There is no such identifiable thing as "HIPAA compliant encryption" AFAIK, there is only what is considered best-practices, and that's an entirely locally-mandated discussion, and it's a moving target particularly with encryption.
This usually involves a discussion with somebody that specializes in regulatory compliance — the consultant or auditor that Linc Davis mentions would be an example — and what's then selected and approved by your regulatory compliance and lawsuit-avoidance folks (involving your "security official", whoever that may be), and usually what's recommended by an external entity with sufficient insurance coverage that's been formally retained in the organizational "backside covering" or "risk shifting" role.
Here's a summary of the regulations, and here are (some of) the specific details of the requirements.
Not running a current version of OS X in this particular context does seem ill-advised, however. While Best Practices is inherently a moving target, older software versions will not likely be considered Best Practice. Older versions tend to have errors and older encryption implementations, and these can be fixed or updated or replaced in newer versions, after all.
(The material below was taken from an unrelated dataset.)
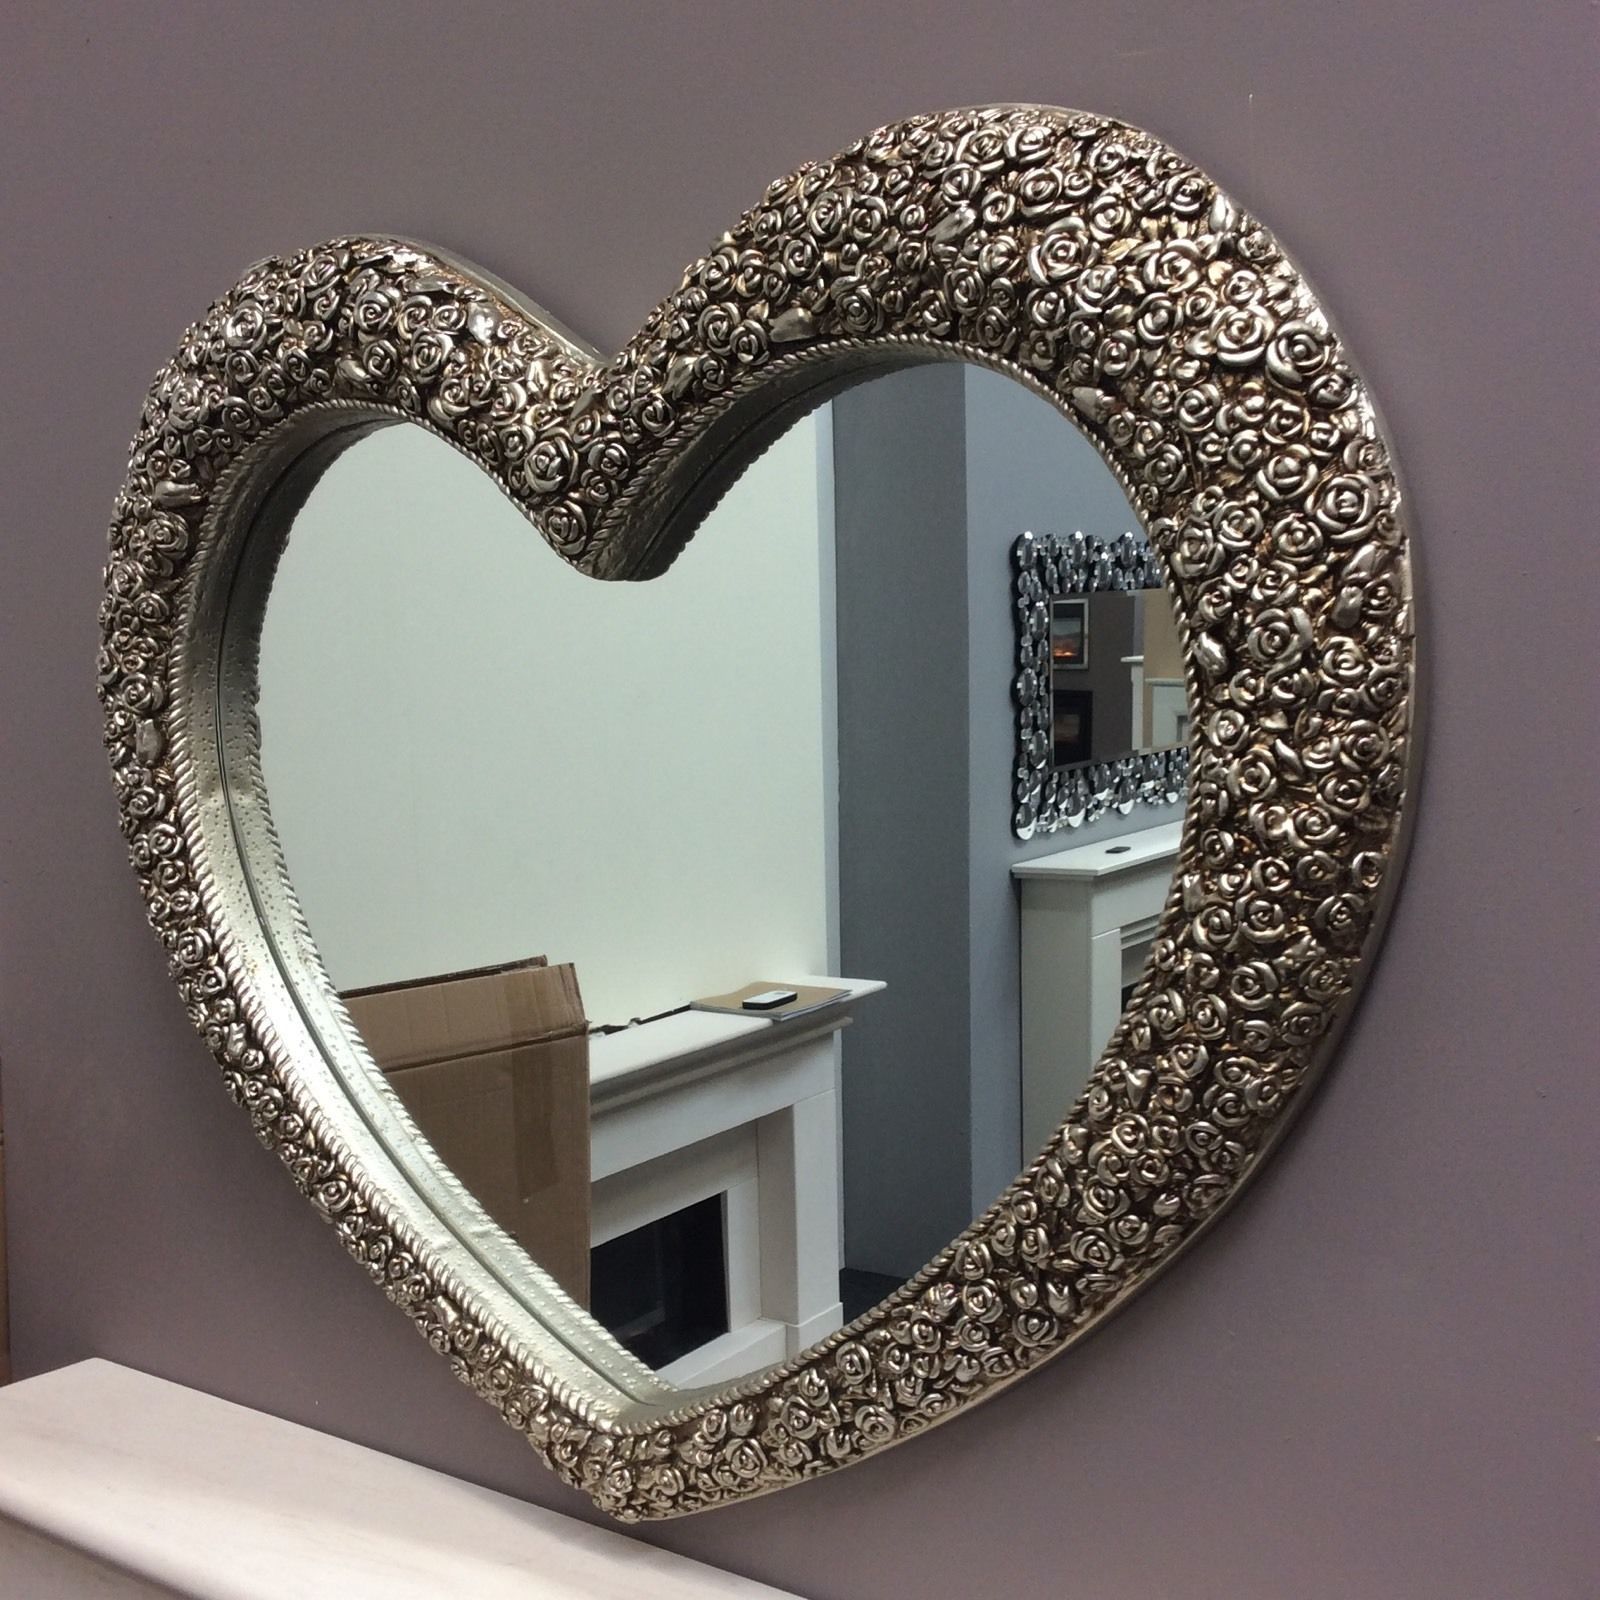 X Large Heart Mirror Stunning Ornate Elegant Mirror With Decorative Inside Accent Mirrors (View 3 of 15)

I'd tend to assume that FileVault2 or equivalent will be minimal here (particularly for mobile devices and to reduce the risk of data exposure due to wholesale device theft), though the access auditing and related is going to be central to the discussion. You may well want and will probably need to encrypt specific data, but you're definitely going to need accountability and auditing and access control atop the encryption.
Linc Davis is correct. Engage a specialist here.